Later on I tried to do ITG, which in comparison to DDR is incredibly hard. DDR is for babies when compares to ITG.
DDR hardest song:
Itg: Piece of Poetry, harder than any and all songs combined in DDR.(This isn't even the hardest thing in ITG, I came close to passing this myself 10 steps away.)
This is a marathon song in ITG (Looks easy even =B)
This is just a comparison, but what qxc says is right. By practicing on something like that it would improve your gameplay overall as the training would tax you much more than playing. But one side effect to go from harder to slower is readjusting at times. I've actually failed an 8 step on DDR from playing it wrong =B even though I've passed one winged angel on ITG. One Winged Angel has 1900+ steps in it hardest songs in DDR don't even have 1k steps.
Anyway, I'd love a program like this myself, I'd use it to increase my effective apm. As I hate to spam APM and would rather just do what I have to do.
Hahahah. I had a similar thought inspired by DBZ a while a go:
Weighted training. So would you weight down your hands with some weights? I guess so but I was more thinking of mental weights. Like being drunk.

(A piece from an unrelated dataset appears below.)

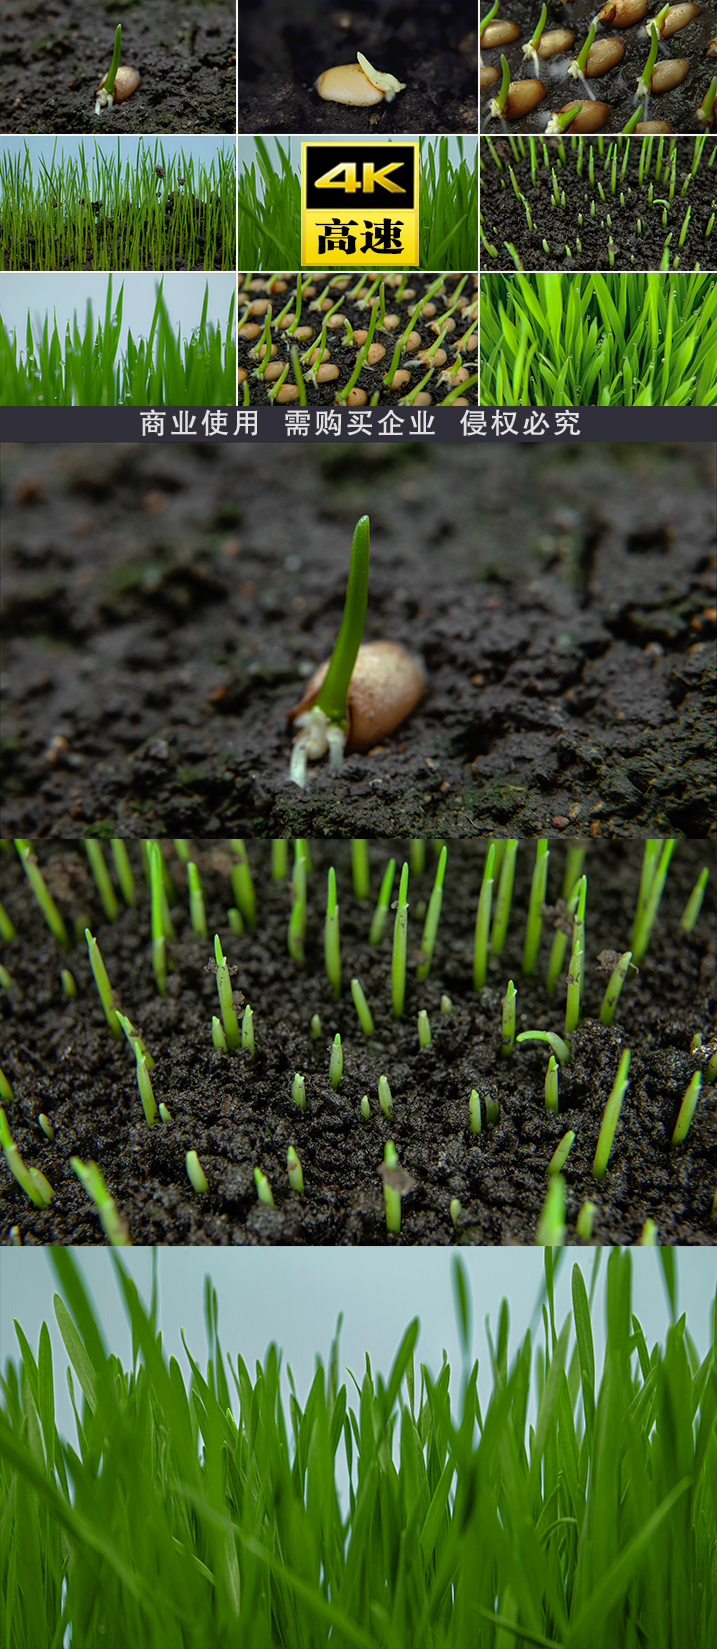 种子破土而出麦子生命力春春天生命立春土地

Imagine if you could work your way into the GM league, constantly drunk. Then when you enter a tournament or whatever, play completely sober. Suddenly everything would move soo much slower and decision making would be soo much clearer.

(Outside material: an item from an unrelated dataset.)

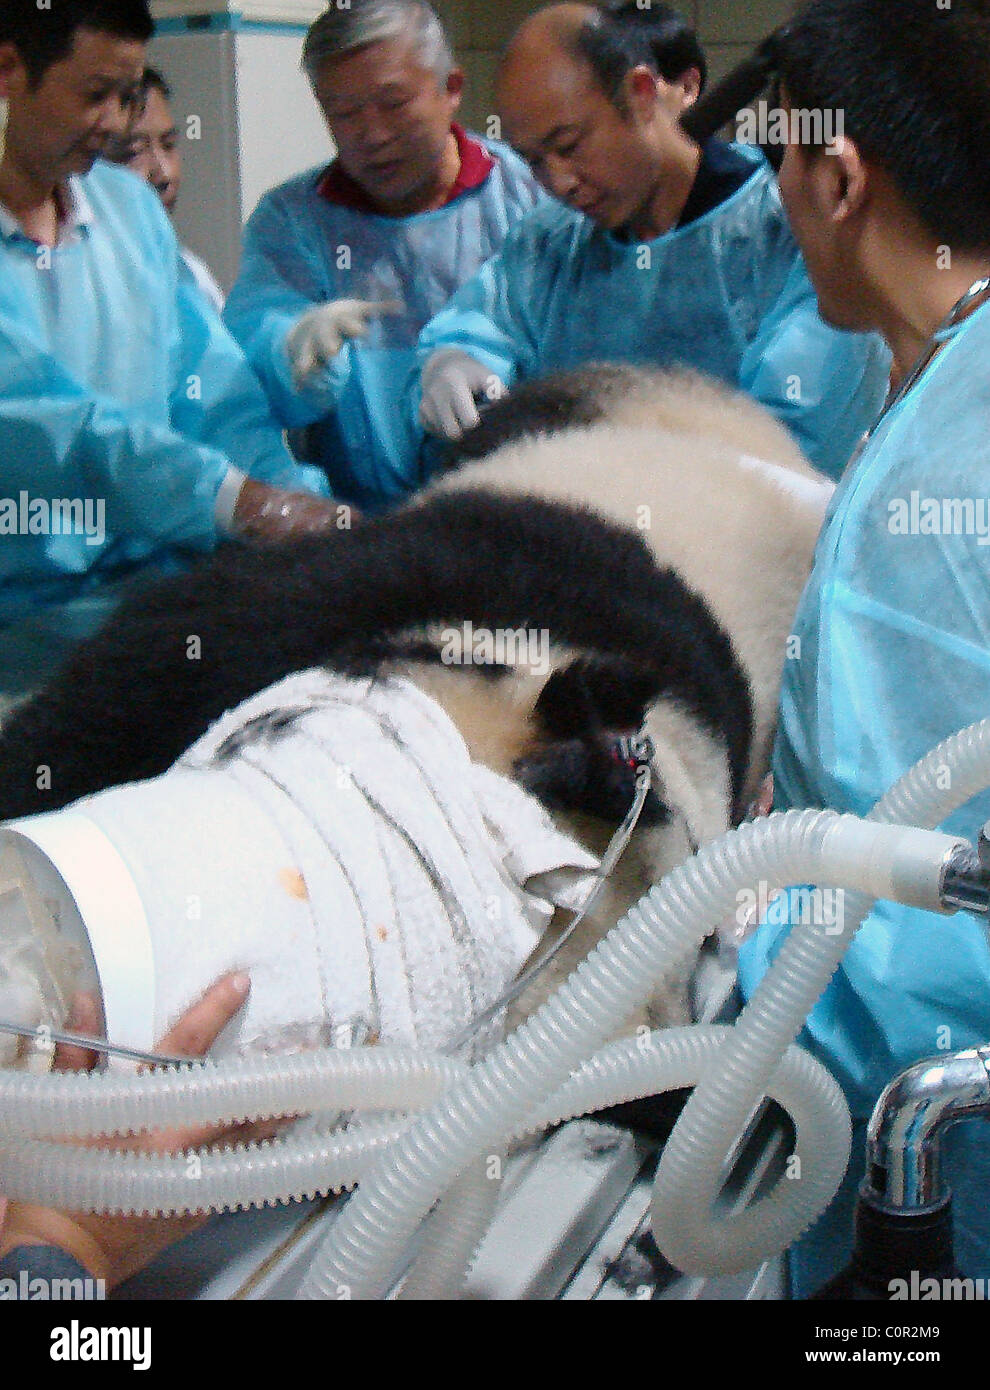 KUNG-Puh PANDA dieser großen Panda-Bär hatte Glück gehabt nach einem Sturz während des Spielens mit seinen pelzigen Freunden leiden. Die Stockfoto

That's the theorey anyway. Haven't put it into practice yet.
I think your idea might be connected to the origins of SC and BW being played faster from "normal" to "fastest" settings, but I'm not very knowledgeable in that area.
I am however, under the impression that the proper equivalent of the idea you're trying to propose would be something more akin to the "team melee" option. If I recall correctly, some BW progamers would train to combat Flash's unparalleled multitasking abilities by using team melee and having 2 progamers take control of 1 Terran increasing the difficulty of their training.
The same idea carries over in SC2 in that you want to be training against opponents that can do more within the standard competitive time frame (e.g. "faster" setting) and not play against an opponent that doesn't do anything more, but that time simply moves faster. The difference could be demonstrated in a player gaining more training benefit from playing Korean ladder players who seemingly have "more stuff" and "better control" than their AM counter-parts. If this player would have adopted your idea, then he would simply be playing the same AM ladder players who have "less stuff" and "less control" but everything would just be abbreviated and he would still not be able to handle the Korean players.
Being that SC2 is less mechanically demanding than BW, weighted training could take a bigger emphasis on preparation and decision making rather than pure mechanics. For example, instead of focusing on APM, focusing on unit control (e.g. similar to unit tester maps we currently have, but instead have "modified tournament maps" where a player could start with X number of Y units and play out a common scenario over and over again like holding off/executing a cheese, etc. OR even load the same mid/late-game scenario with different units to see what a good unit match-up/potential timing could be).
If I'm not mistaken, players like Flash spent periods in their careers where they played less games than their counter-parts and focused more on thinking through situations so their thought process and decision making would be refined along with their mechanics. It goes without saying though that, "less" in this case is strictly a relative thing. Like the history of the human race is a very short period of time relative to the existence of the universe, sort of relative thing.